To get the outputs of the first layer, we use a **matrix product**:

\begin{align}
    \text{layer1\_outputs} = X W^T + b
\end{align}

where:
- `X` is the input matrix with shape `(3, 4)`
- `W` is the weight matrix with shape `(3, 4)`
- `W.T` (the transpose) has shape `(4, 3)`
- `b` is the bias vector with shape `(3,)`

The result `layer1_outputs` has shape `(3, 3)` → one output per neuron for each of the 3 input samples.

In [4]:
layer1_outputs = np.dot(inputs, weights.T) + biases
print("Layer 1 outputs:\n", layer1_outputs)
print("Shape of layer1_outputs:", layer1_outputs.shape)

Layer 1 outputs:
 [[ 4.8    1.21   2.385]
 [ 8.9   -1.81   0.2  ]
 [ 1.41   1.051  0.026]]
Shape of layer1_outputs: (3, 3)


## 3. Second hidden layer

Now we **add another layer**. This is what makes the network *deep*.

Key rule:
- The number of inputs to a layer must match the number of outputs from the previous layer.

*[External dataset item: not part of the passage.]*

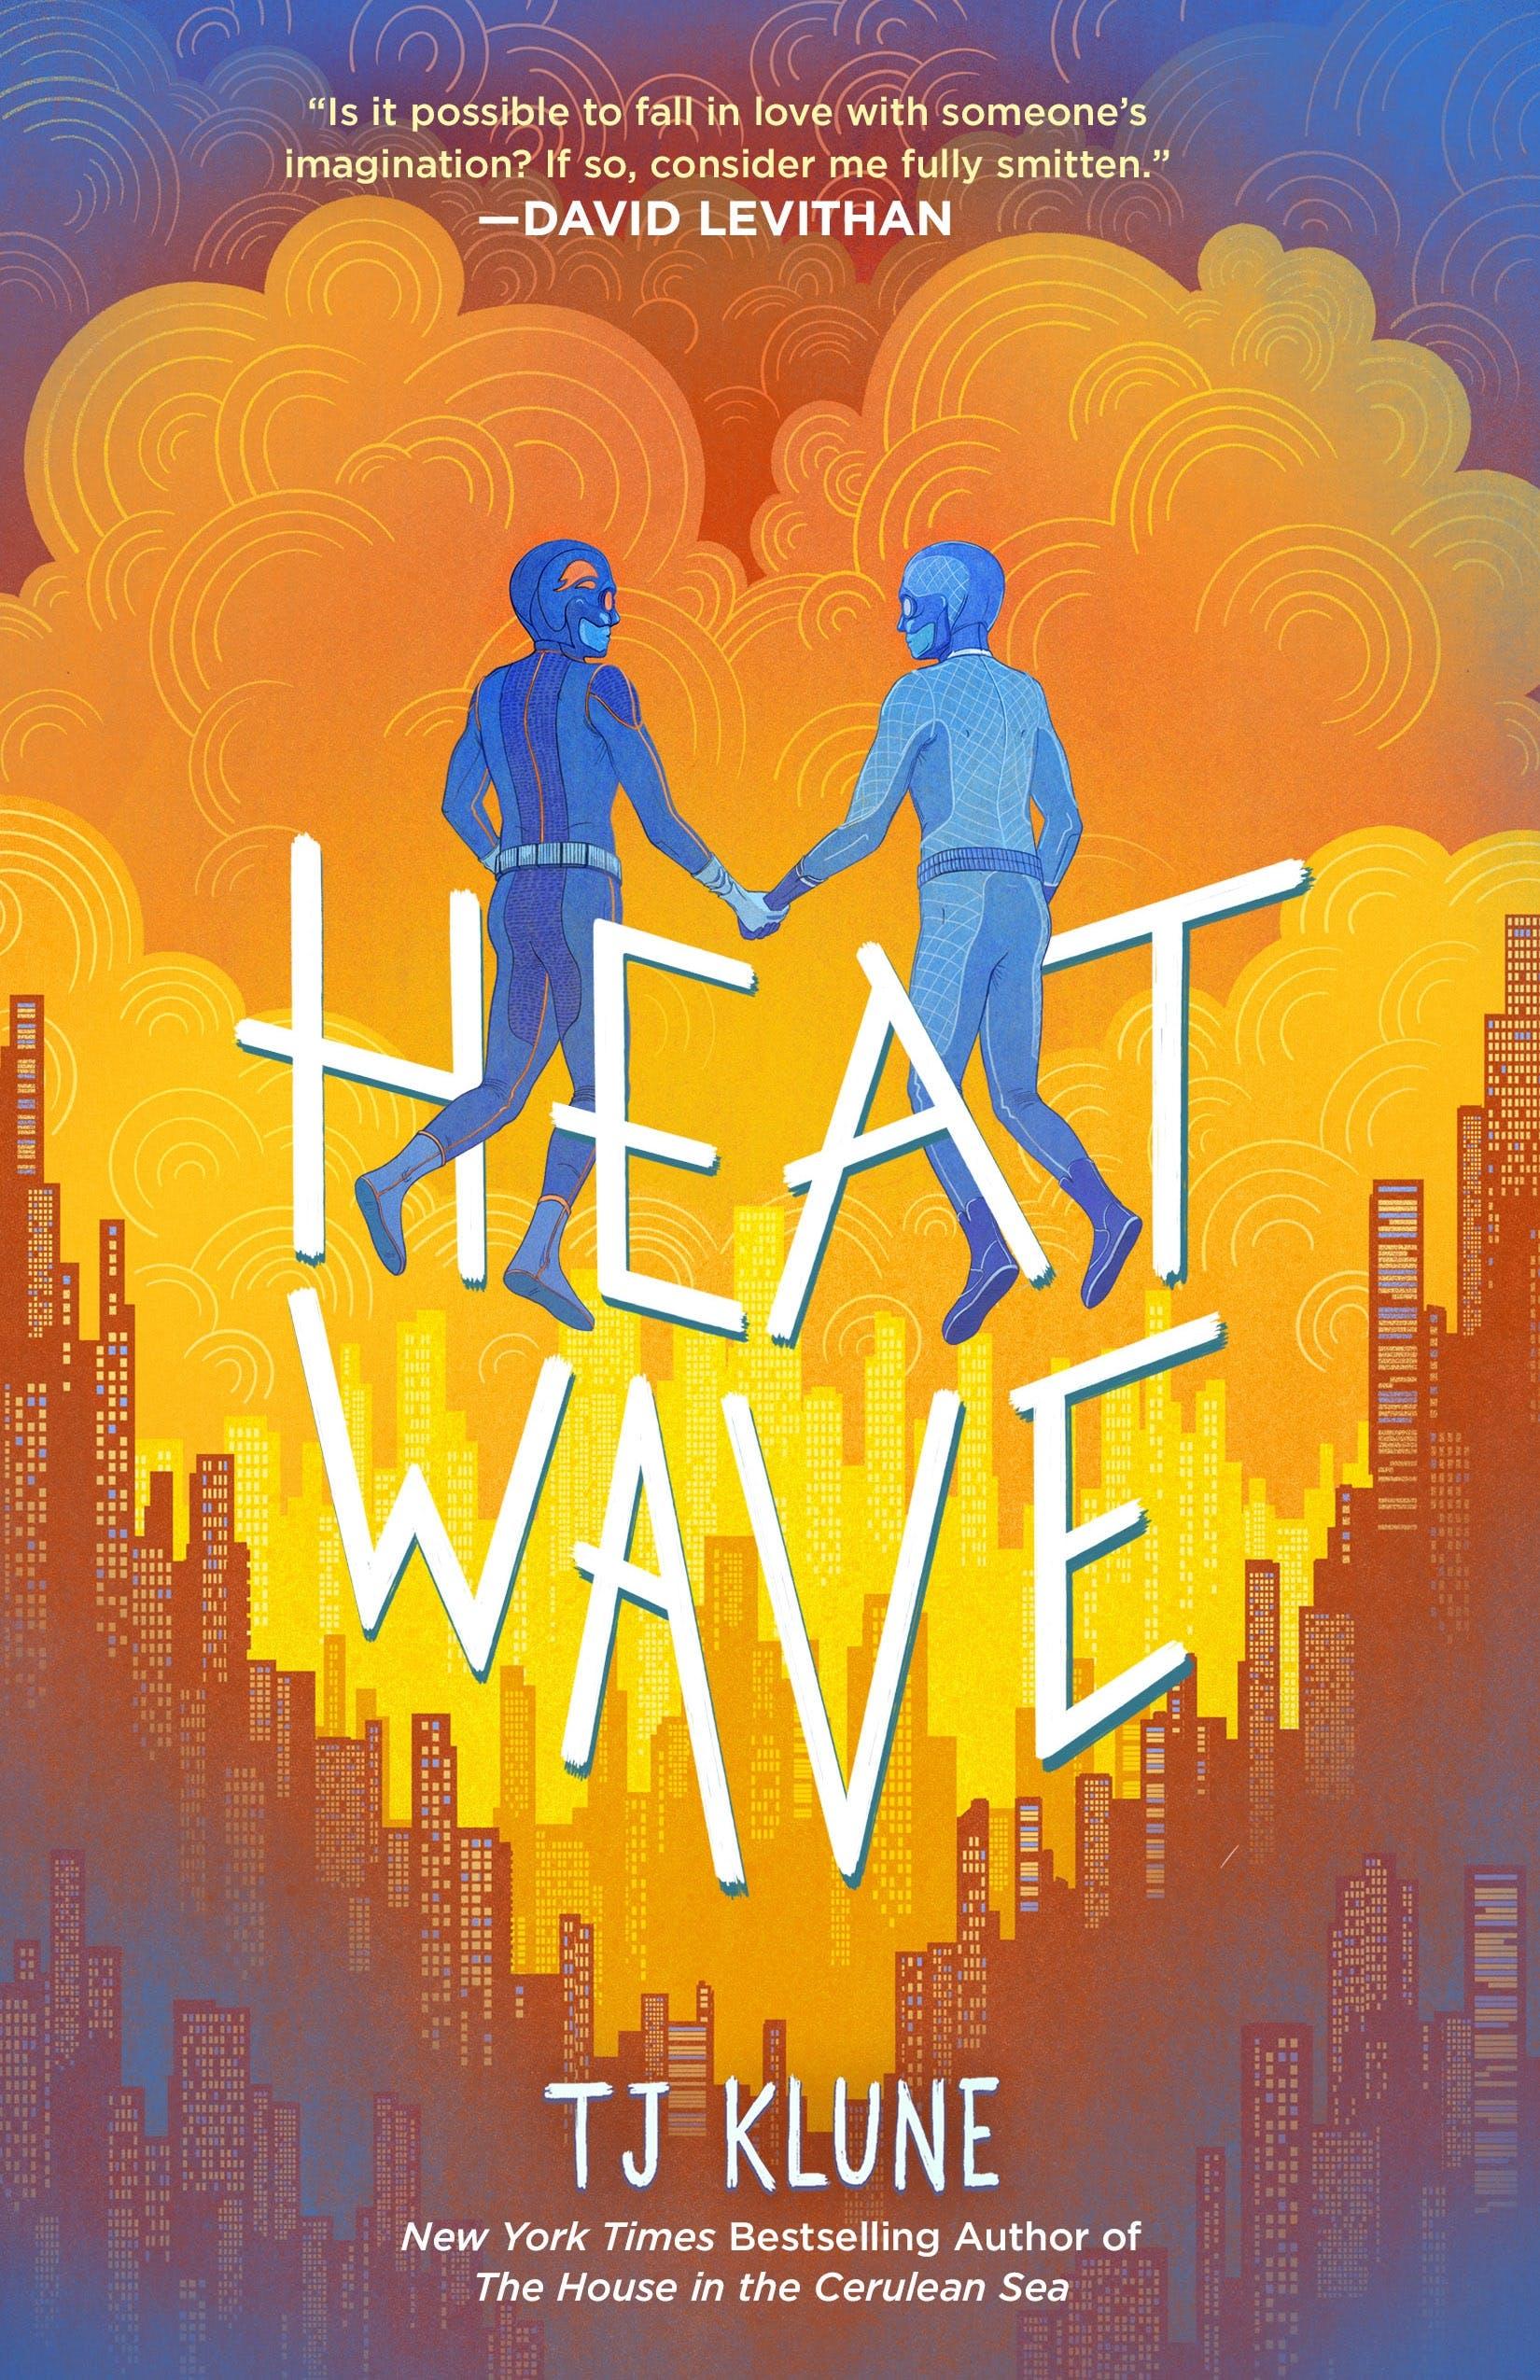 Image of Heat Wave

Our first hidden layer has 3 neurons → it outputs 3 values per sample.
So, each neuron in the second layer must have **3 weights** (one per output from layer 1).

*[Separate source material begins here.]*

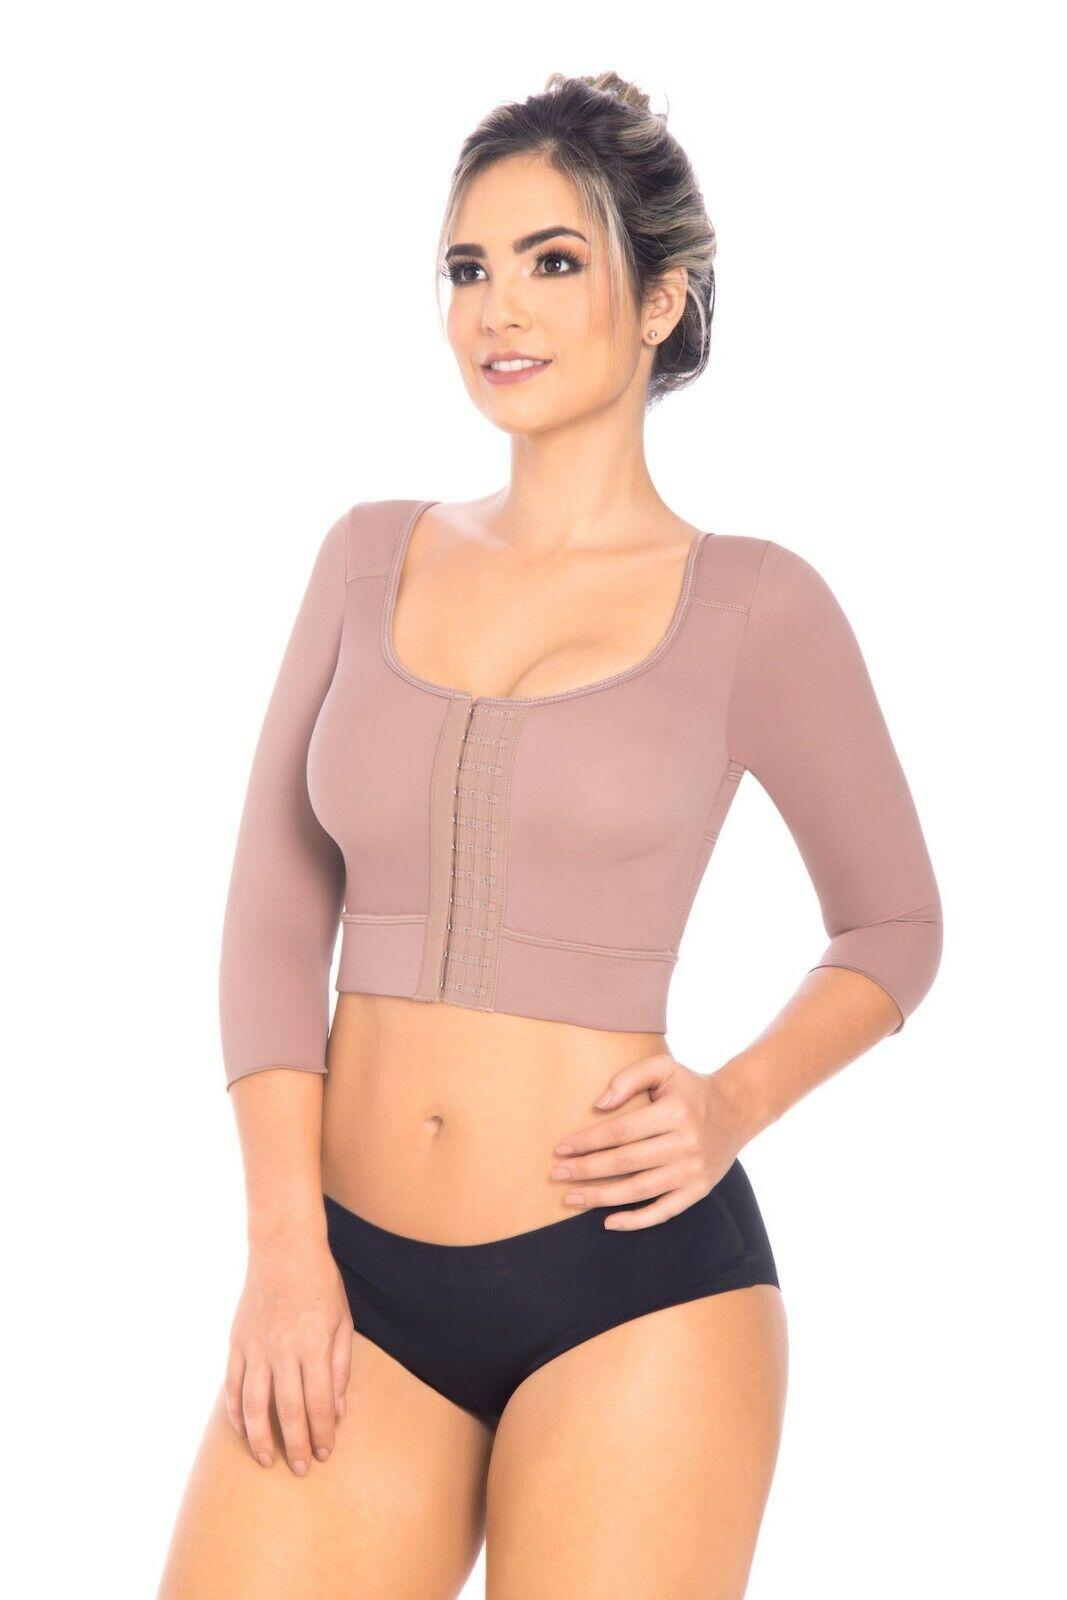 fajas post surgery compression and posture bra

We again choose 3 neurons for the second layer, so:
- Weight matrix: shape `(3, 3)`
- Bias vector: shape `(3,)`

In [5]:
weights2 = [
    [0.1, -0.14, 0.5],
    [-0.5, 0.12, -0.33],
    [-0.44, 0.73, -0.13],
]
biases2 = [-1.0, 2.0, -0.5]

weights2 = np.array(weights2)
biases2 = np.array(biases2)

print("Weights (layer 2):\n", weights2)
print("Shape of weights (layer 2):", weights2.shape)
print("Biases (layer 2):", biases2)

Weights (layer 2):
 [[ 0.1  -0.14  0.5 ]
 [-0.5   0.12 -0.33]
 [-0.44  0.73 -0.13]]
Shape of weights (layer 2): (3, 3)
Biases (layer 2): [-1.   2.  -0.5]


### Forward pass through layer 2

Now the **inputs to layer 2** are the outputs from layer 1 (`layer1_outputs`).

\begin{align}
    \text{layer2\_outputs} = \text{layer1\_outputs} \cdot W_2^T + b_2
\end{align}

Shapes:
- `layer1_outputs`: `(3, 3)`
- `weights2.T`: `(3, 3)`
- result: `(3, 3)` (3 samples × 3 neurons in layer 2)

In [6]:
layer2_outputs = np.dot(layer1_outputs, weights2.T) + biases2
print("Layer 2 outputs:\n", layer2_outputs)
print("Shape of layer2_outputs:", layer2_outputs.shape)

Layer 2 outputs:
 [[ 0.5031  -1.04185 -2.03875]
 [ 0.2434  -2.7332  -5.7633 ]
 [-0.99314  1.41254 -0.35655]]
Shape of layer2_outputs: (3, 3)


If you're following along with the book, your values should match (up to minor rounding):

```text
array([[ 0.5031 , -1.04185, -2.03875],
       [ 0.2434 , -2.7332 , -5.7633 ],
       [-0.99314,  1.41254, -0.35655]])
```

Small differences usually mean you've changed weights, biases, or print precision.

## 4. Summary

In this notebook we:

- Built a batch of inputs with 4 features each.
- Defined a first dense layer (3 neurons) and computed its outputs.
- Used those outputs as inputs to a second dense layer (3 neurons).
- Saw how the **shapes** of inputs, weights, and outputs must line up.

Conceptually, we now have a small **2-layer neural network** (both layers hidden for now). In later chapters, we'll add activation functions, an output layer, and eventually train the network using real data and gradient descent.